George Gammon interview of Art Berman a couple a days ago on this topic.

Realist
Realist
  1. The dividend will be cut eventually.

  2. Fossil fuel companies will survive, but their long term fate is a slow decline, with occasional small recoveries along the way (coal companies are leading the way in this regard).

  3. Fossil fuel companies will decline on their own, from market forces. It doesn’t matter what the US govt (whether it’s Biden or anyone else) does.

  4. Who knows?

  5. Work at home is here to stay for many. Just another trend that has been accelerated because of the pandemic.In the short run, this reduces transportation fuel demand, but in the long run, more and more transport will be electric, powered mostly from renewables. Again, market forces at work.

  6. Electric cars will become viable when the cost/benefit equation works out in their favour. Again, market forces. They are already a cheaper alternative in some cases.

  7. Plane travel will rebound once the pandemic is controlled better world wide. But it won’t go back to previous levels as business travel will remain weak.

  8. Energy will rebound when market forces dictate. That won’t happen until the pandemic is better controlled. I would guess 1-2 years, but markets often anticipate in advance.

  9. Lots of write downs. Who knows how many?

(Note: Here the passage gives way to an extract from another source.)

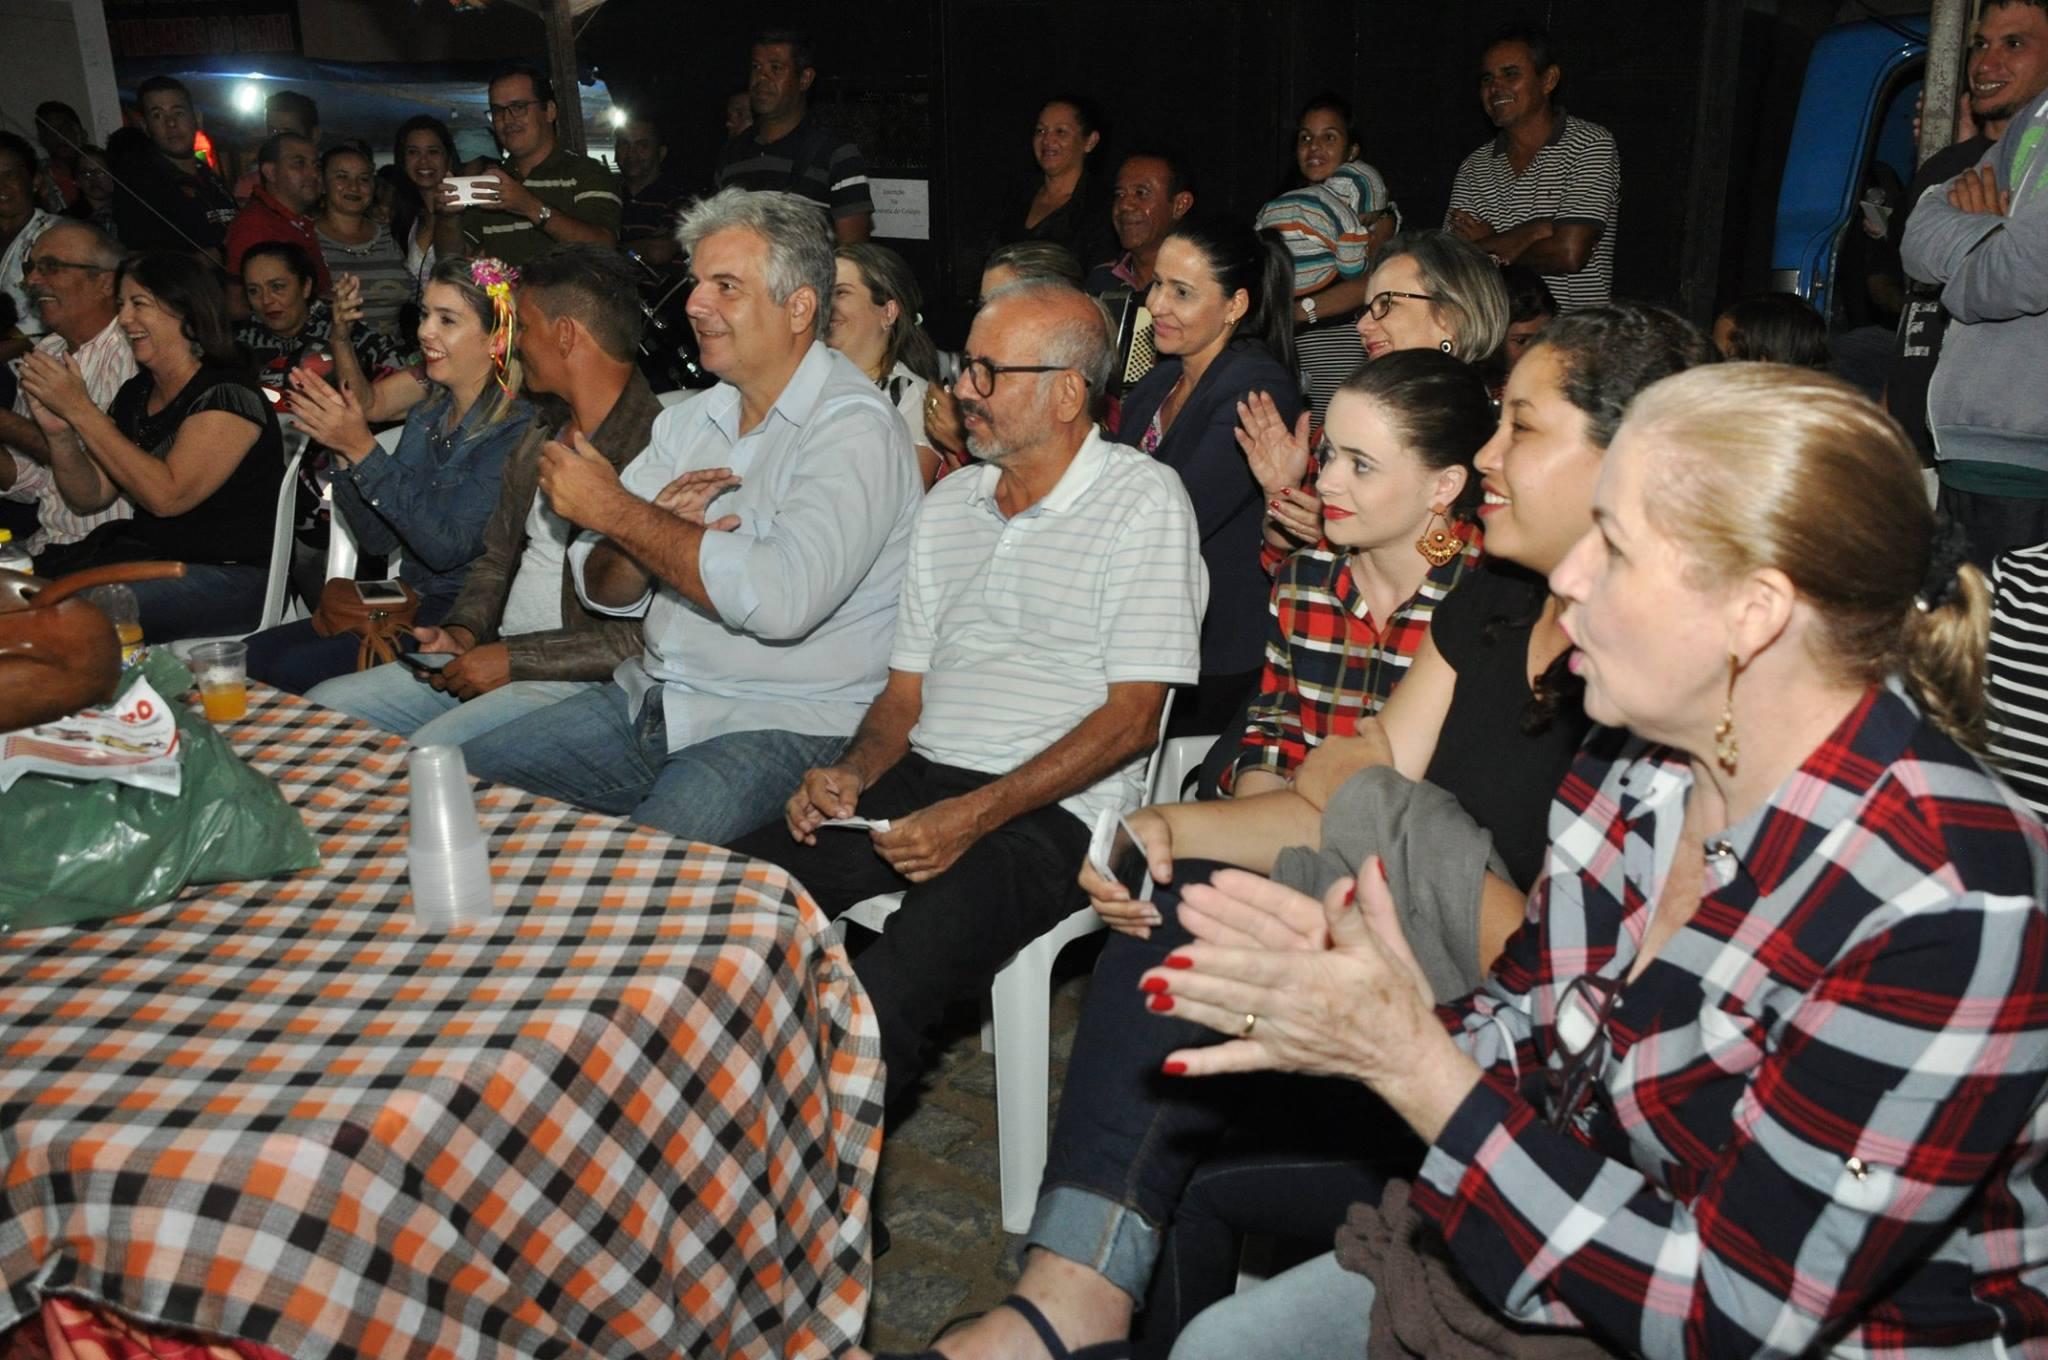 19221540_1899328280340362_4222923499971460330_o-1024x680 OPIPOCO mostra como foi a Segunda noite do festival de quadrilhas em Monteiro. Confira Imagens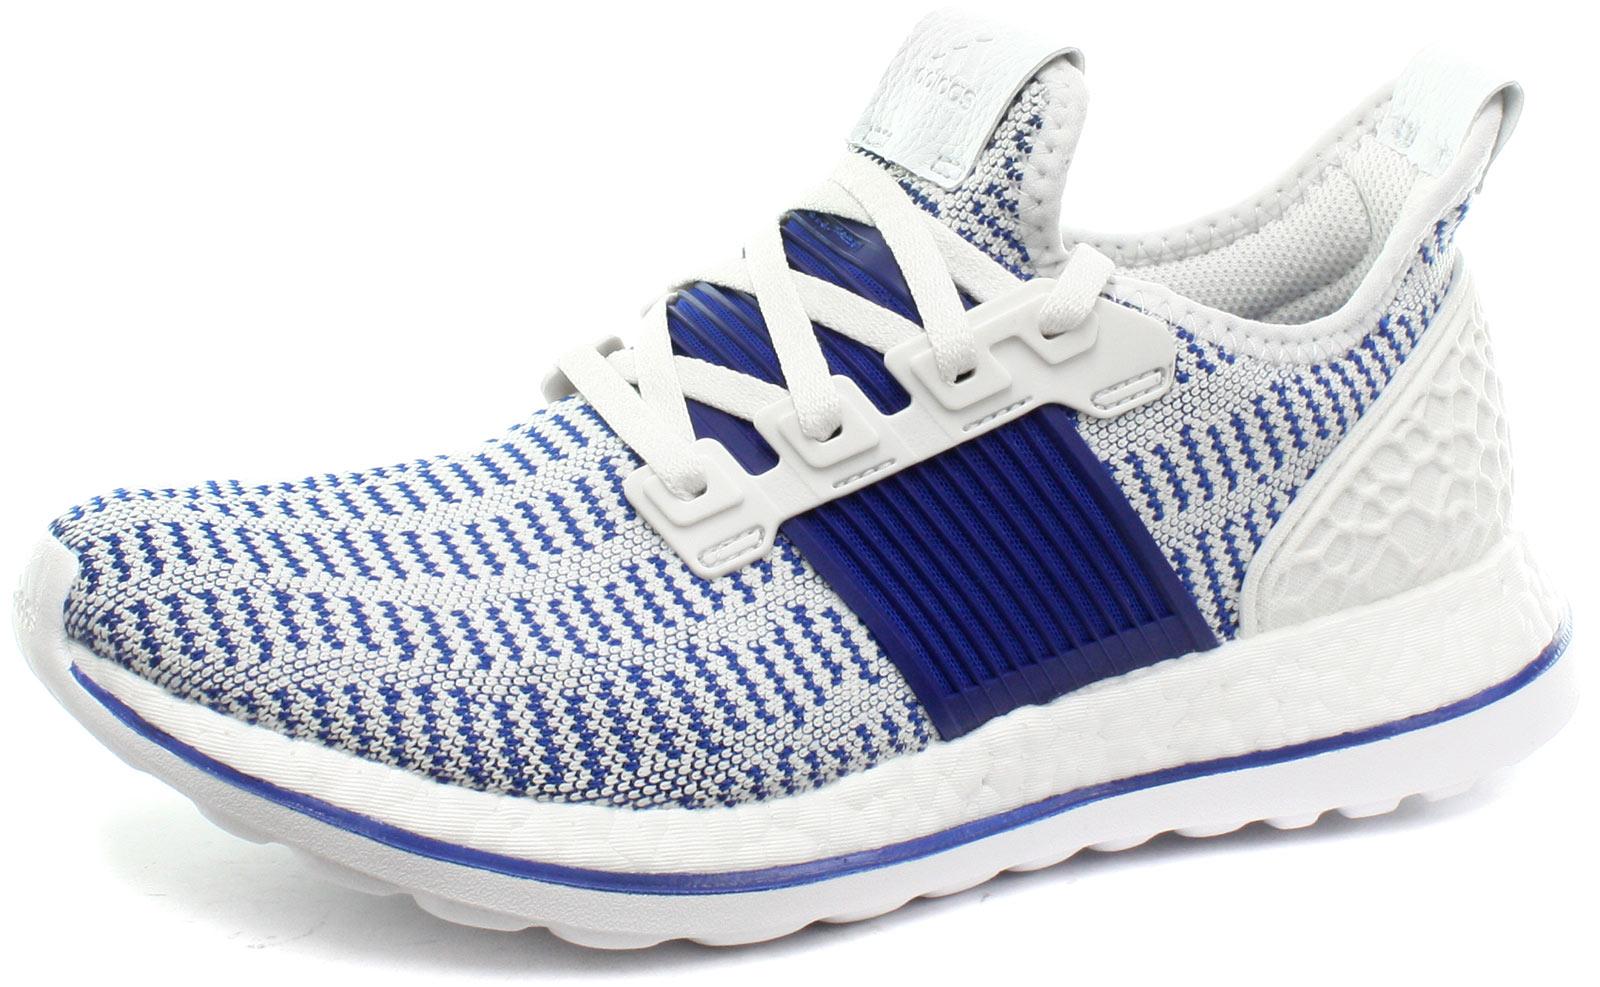 Adidas Pureboost ZG Ltd Scarpe Da Corsa Uomo Scarpe da ginnastica/Tutte le Taglie

  10. I am never arrogant enough to think I can time the markets. Long term, diversified investing has worked for me my entire life.

Realist
Realist

Regarding Zoom’s valuation. I said the same thing about Amazon in 1999 when it was worth more than all the book stores and publishers in the world at that time. It has gone up 30x or 40x since then. The future is hard to predict.

ToInfinityandBeyond
ToInfinityandBeyond

I don’t think stock valuations matter at the moment but that will pass at some point. And oil & gas usage is not going away any time soon although prices may come down to a point where only the lowest cost providers can survive.

Siliconguy
Siliconguy

The future of oil is plastic and all the other chemicals that come from it. And probably kerosene for the airplanes unless they are actually brave enough to ban air travel for the sake of climate change.

ColoradoAccountant
ColoradoAccountant

Submarines and aircraft carriers are powered by small nuclear reactors. Why aren't the trains?

William Janes
William Janes

Without Natural Gas Turbines, the solar and wind power industry does not exist. Solar and Wind Power lack the absolute essential key that any electric generation source requires: Dispatchability, the electricity is there when you need it. Solar and Wind require that Utilities have twice the generating capacity to produce electricity when the wind don't blow or the sun don't shine. Everything else is eco fantasy.

As for electric cars, when I can drive to St. Louis from my home (a six hour drive) without re-charging , then I will be interested. The Oil and Natural Gas Industry will be around for many more decades.